На лестнице показались башмачники. Они несли из подвала старую обувь. Каждый, проходя мимо офицера, покорно снимал головной убор. Мастера заняли свои места. Но один стул так и остался свободным. Это было место Назимова. Бруно стоял бледный, безмолвный. Эсэсовец с торжеством взглянул на него, опять ткнул стеком:

— А этот болван где?

— Он в уборной, у него болит живот. Сказав это, Бруно тут же подумал: если эсэсовец прикажет привести Назимова, все будет кончено. Гитлеровец, словно прочитал его мысли, крикнул:

— Привести!

Именно в этот момент открылась дверь и на пороге появился Назимов. Он был бледен, шел медленно, держась обеими руками за живот.
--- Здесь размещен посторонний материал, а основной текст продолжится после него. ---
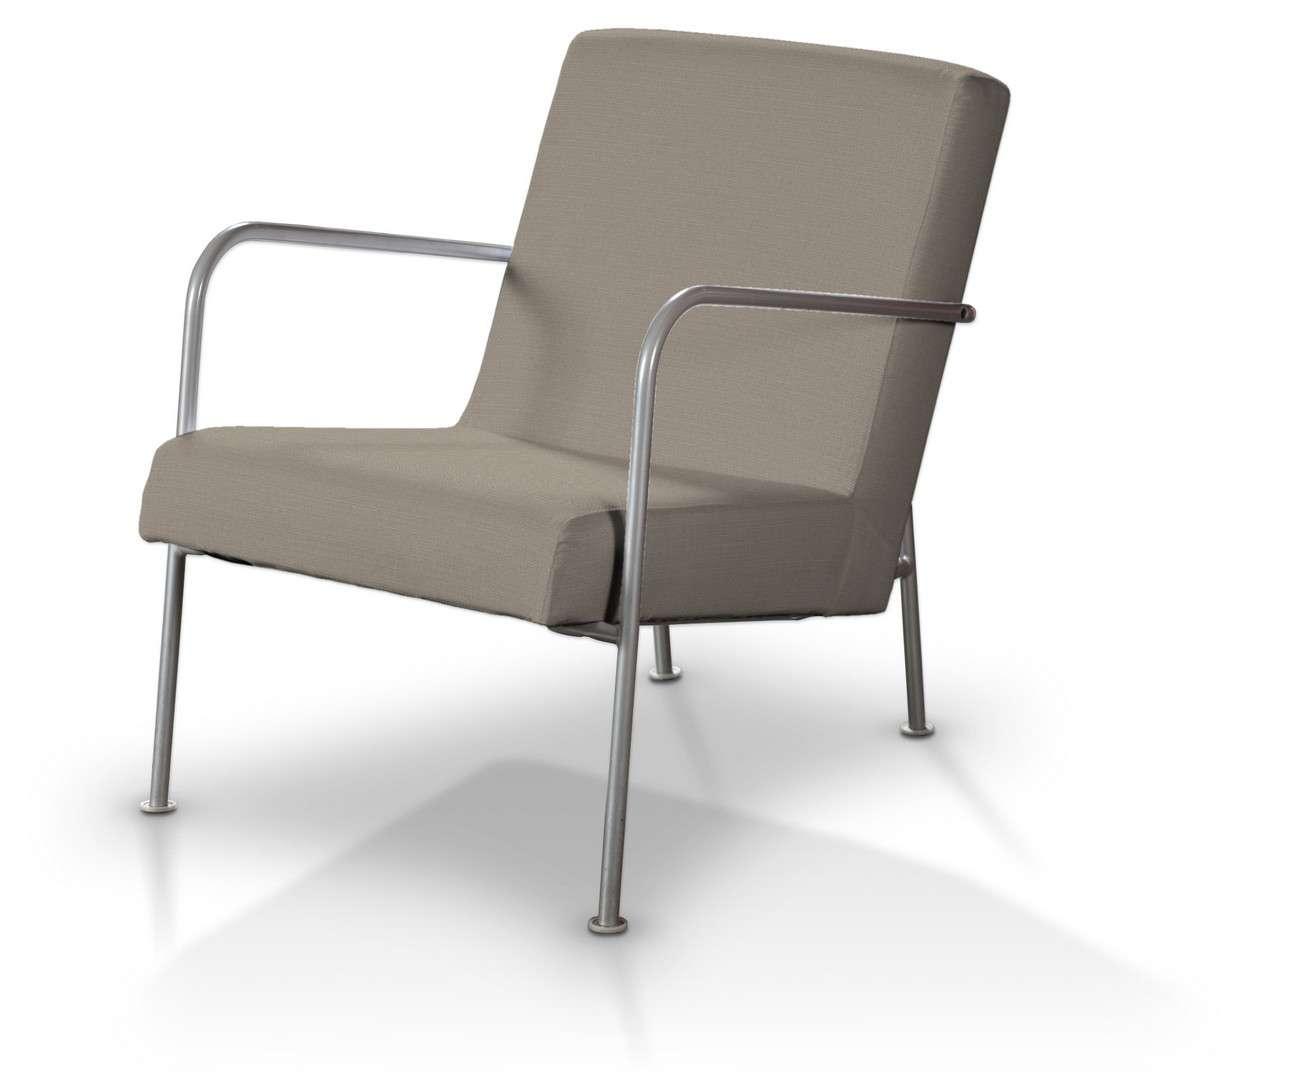 Potah na křeslo Ikea PS v kolekci Living, látka: 161-53

Все сложилось удачно. В ту минуту, когда эсэсовец закричал на Бруно: «Вы прячете здесь флюгпунктов!», Мишутка незаметно выскользнул в коридор, кубарем скатился в подвал.

— Дядя, — торопливо зашептал он Назимову. — Там офицер орет на Бруно. Велит вас разыскать. Бруно сказал, что у вас болит живот.
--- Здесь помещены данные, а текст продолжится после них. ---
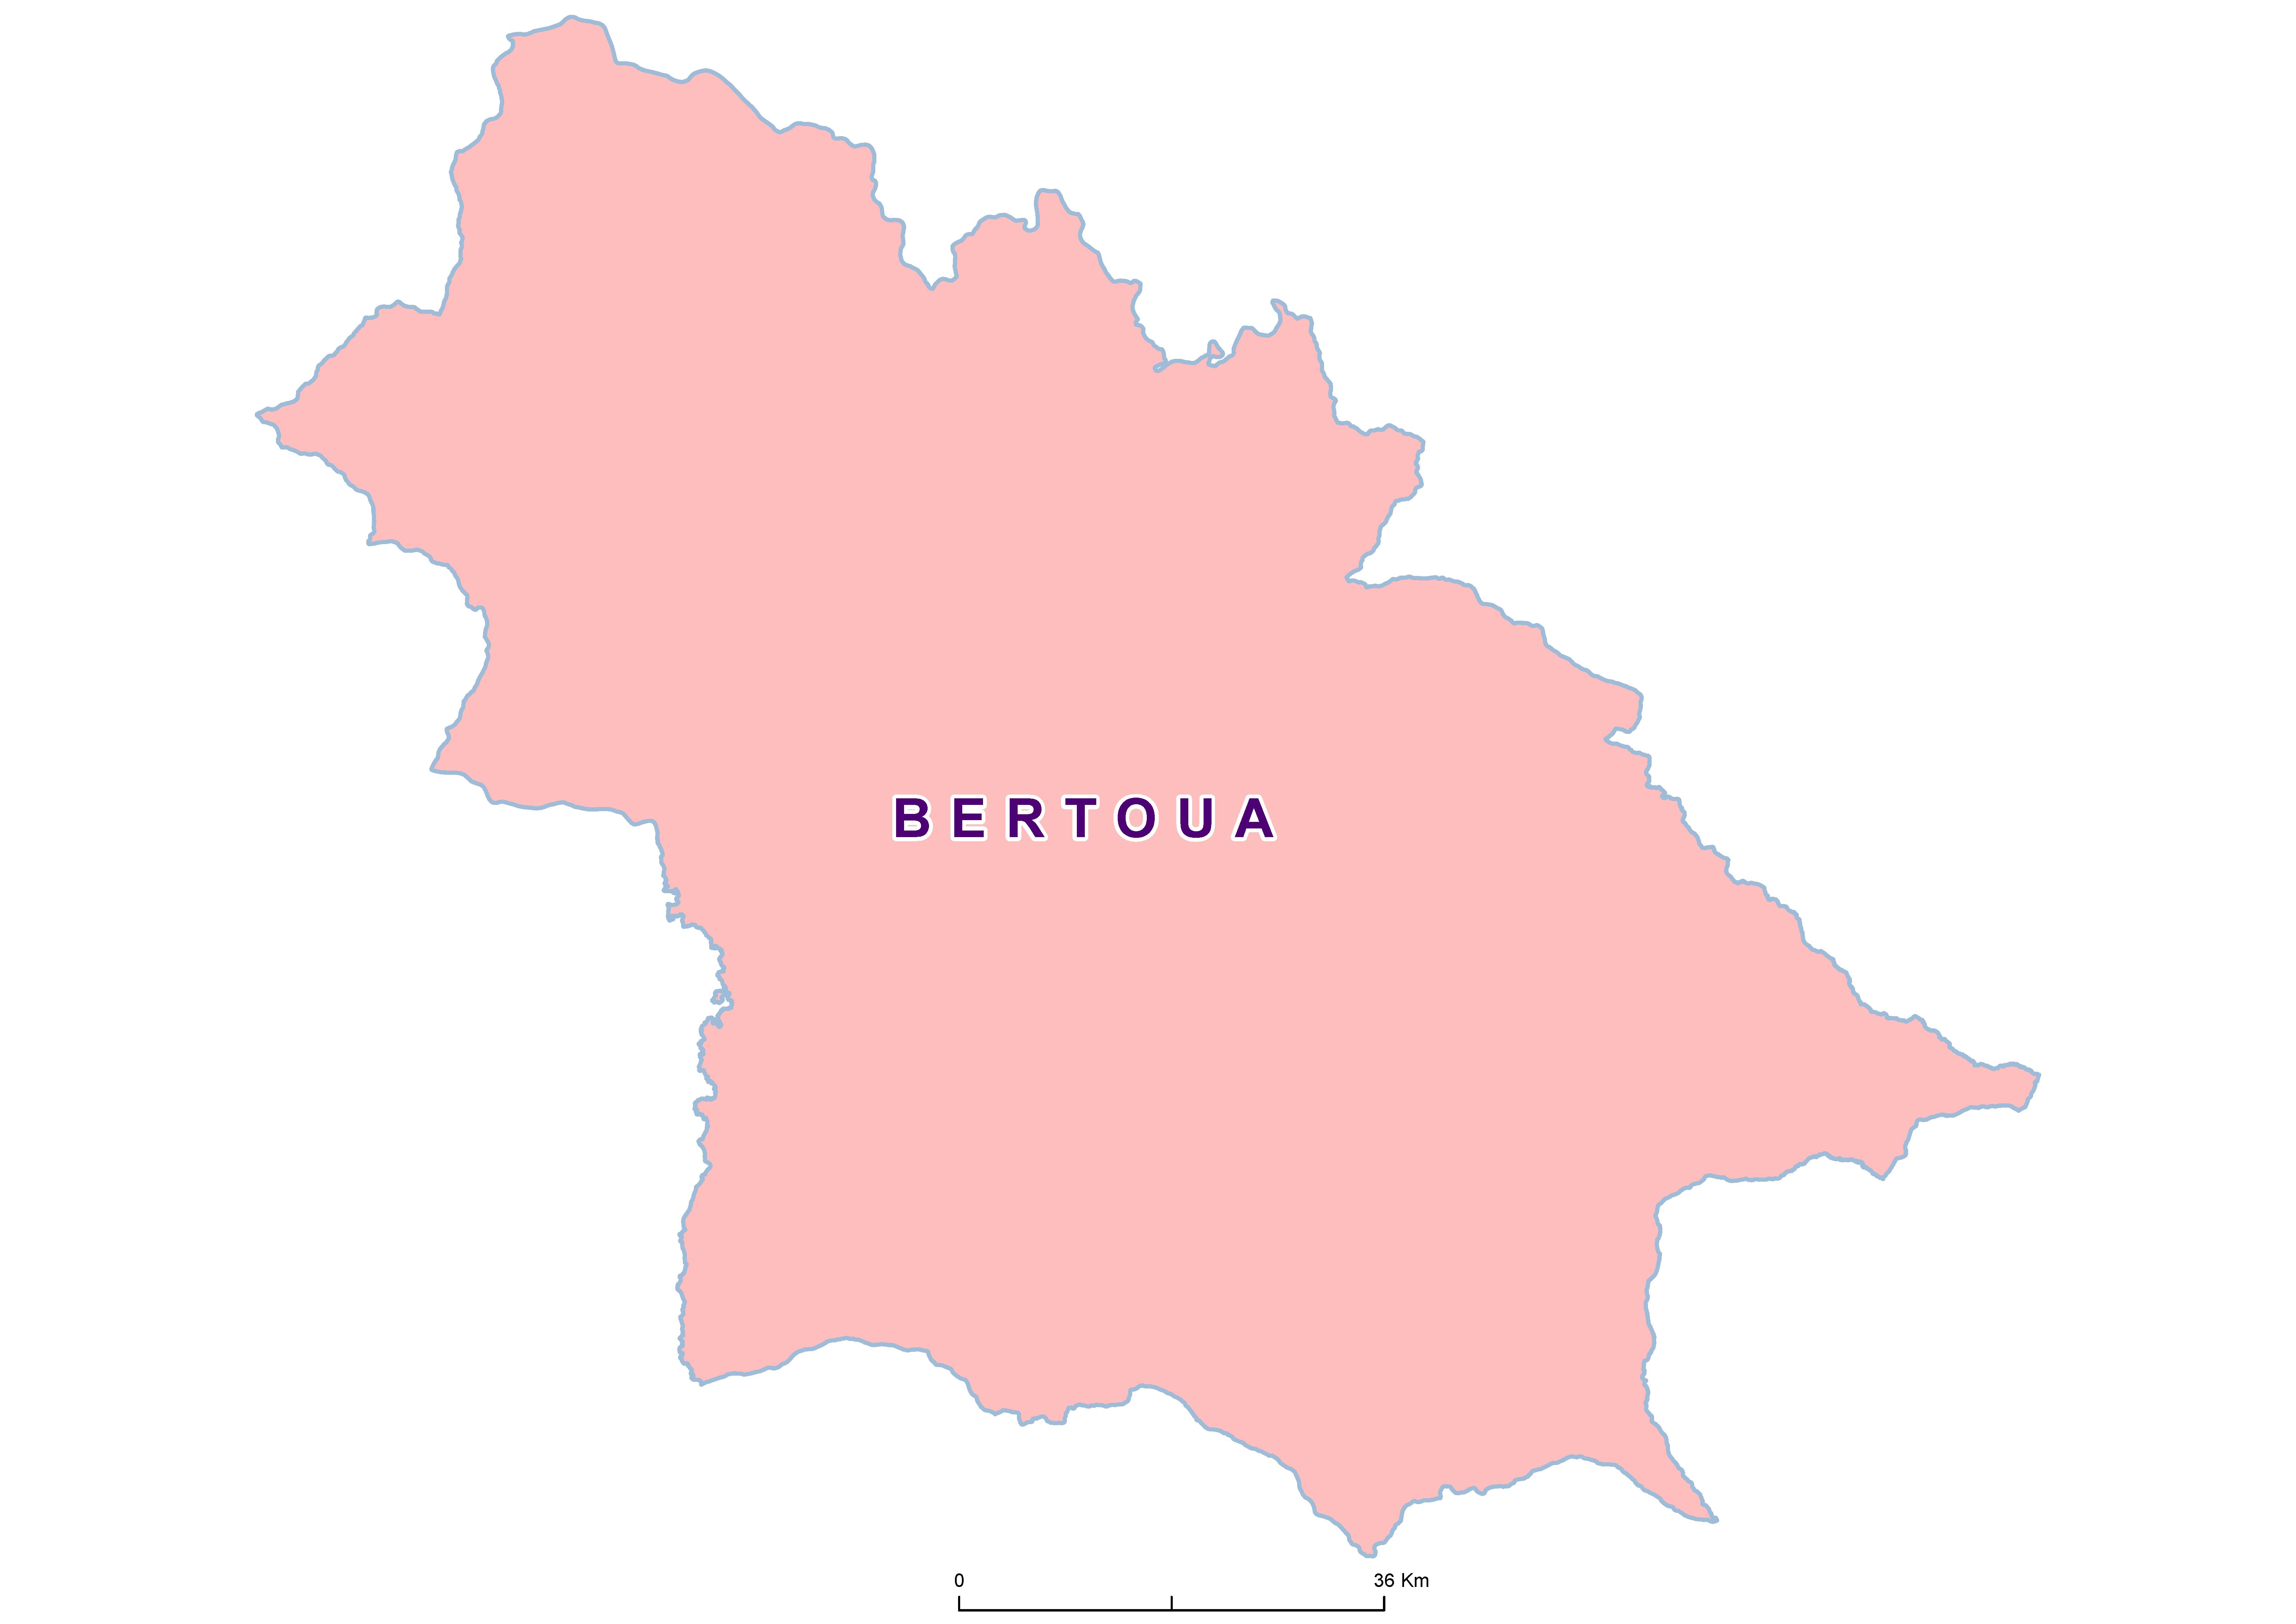 Bertoua Mean SCH 20100001

Назимов отчетливо представил смертельную опасность, угрожающую как ему, так и Бруно. Мгновенно возникло единственно правильное решение: взять всю вину на себя, отвратить опасность от Бруно. Если уж погибать, так одному, не губя общего дела.

Быстро сбросив куртку, он вывернул ее наизнанку и опять надел, чтобы не видны были метки флюгпункта. К подкладке куртки он еще давно на всякий случай пришил красный треугольник, который носили все политические заключенные. Чтобы прикрыть метки флюгпункта на брюках, он спустил пониже рабочий фартук и после этого медленными шагами направился в мастерскую. Сняв головной убор, как ни в чем не бывало, прошел мимо эсэсовца, сел на свое место.

Гитлеровец пристально посмотрел ему вслед. Должно быть подозревая что-то неладное, подошел ближе. Его бесцветные, водянистые, как у рыбы, глаза злобно и холодно поблескивали. И все же никаких видимых улик он не обнаружил у Назимова. Эсэсовец погрозил стеком Бруно:

— Смотри у меня, старик!

В сопровождении Бруно он все же обошел всю мастерскую, осмотрел каждый угол, платком прикрывая нос от едкой пыли.

Бруно проводил его до дверей. Убедившись, что опасность миновала, он отозвал Назимова в угол.

— Молодец, Борис! — прошептал он. — Когда я увидел тебя в дверях, у меня глаза на лоб полезли. А когда ты подошел поближе, я прямо-таки сам себе не поверил… Короче, здорово ты вышел из положения. Спас меня и себя.

— Я очень боялся, что он увидит метки на штанах, — признался Назимов. — Думал, заставит поднять фартук.


— Да, да, — вздыхал Бруно. — Вторая такая встреча может кончиться для нас печально. Так больше нельзя. Нужно подумать об улучшении наблюдения и вообще…

Назимову показалось, что Бруно сердится на Мишутку.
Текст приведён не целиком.